The Securities and Exchange Commission unanimously endorsed the proposal amid widening investigations of so-called pay-to-play donations by private equity and hedge fund executives who jockey for lucrative fees to manage some of the more than $2.2 trillion in assets held by public pension funds.

"The selection of investment advisers to manage public plans should be based on merit and the best interests of the plans and their beneficiaries, not the payment of kickbacks or political favors," SEC Chair Mary Schapiro says.

The crackdown, set for a final decision by the SEC's five commissioners after a 60-day public comment period, would:

Impose a two-year ban on pension fund contracts with paid advisers who have given more than $250 to any public official able to influence the fund's investments. The rule would cover donations to incumbents and challengers, and would apply to investment executives, their firms and some employees.
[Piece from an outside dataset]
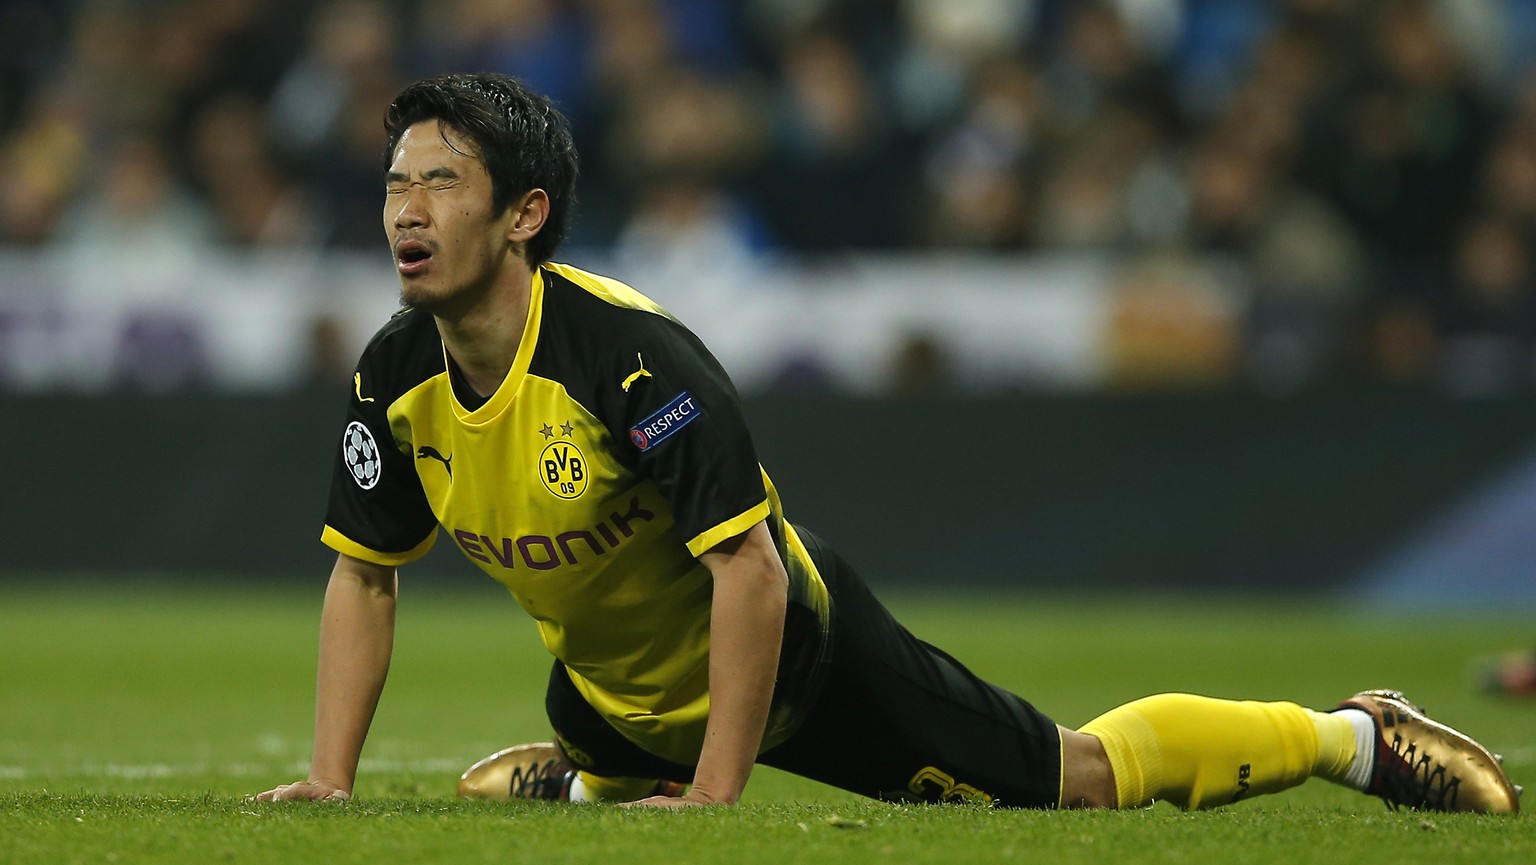 Dortmund&#039;s Shinji Kagawa reacts disappointed during the Champions League Group H soccer match between Real Madrid and Borussia Dortmund at the Santiago Bernabeu stadium in Madrid, Spain, Wednesda ...
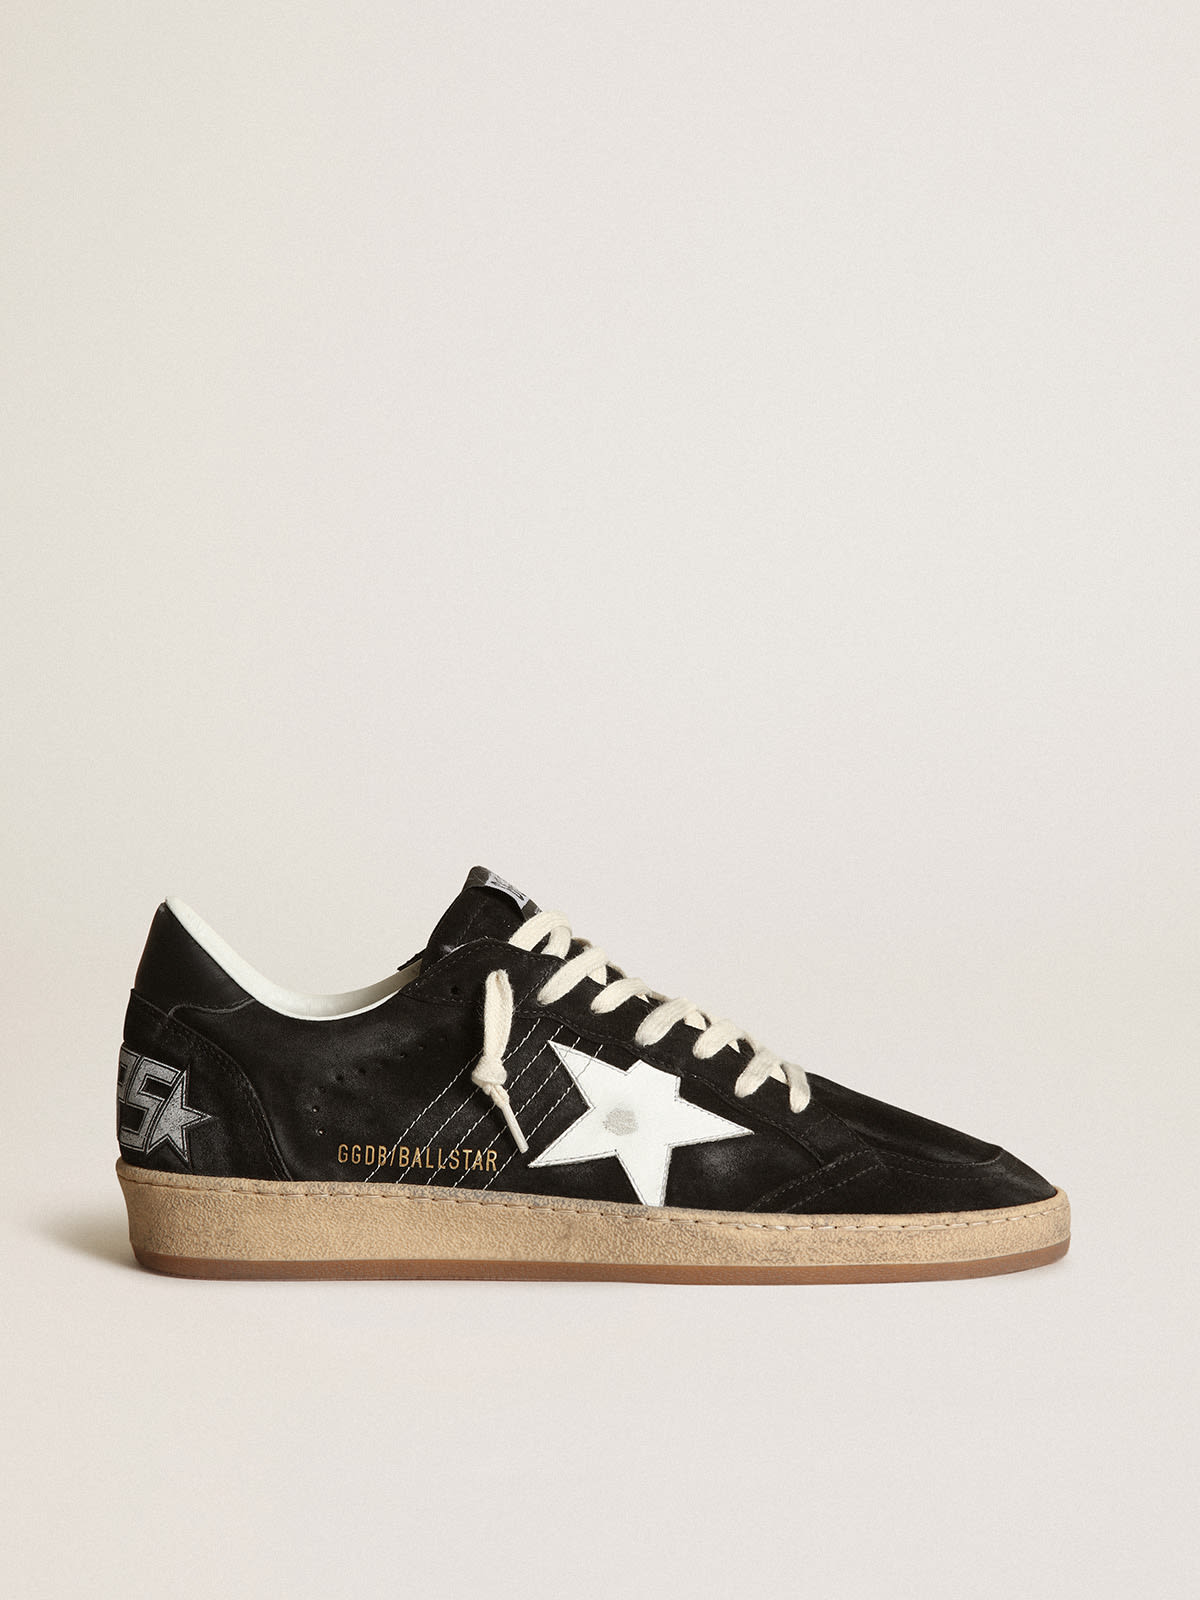 Golden Goose - Women’s Ball Star sneakers in black suede with white leather star and black leather heel tab in

Bar investment advisers and their firms from directing political action committees or intermediaries to give campaign donations to pension fund incumbents or candidates, or to a state or local political party.

Bar investment advisers from paying placement agents, solicitors or other third parties to solicit public pension fund investment business.

Prohibit indirect campaign contributions to pension fund officials through spouses, lawyers or companies affiliated with investment advisers.

The proposal, which includes a few narrowly tailored exemptions, is similar to restrictions the SEC considered but never enacted in 1999. Repeated pay-to-play allegations in the decade since have raised calls for new restrictions.

New York Attorney General Andrew Cuomo's office this spring filed a criminal case against David Loglisci, one of the state's former top pension fund officials, and Hank Morris, a key political adviser to former state comptroller Alan Hevesi. The two have pleaded not guilty to charges they got millions of dollars to influence New York pension fund investments. The SEC filed a parallel civil case.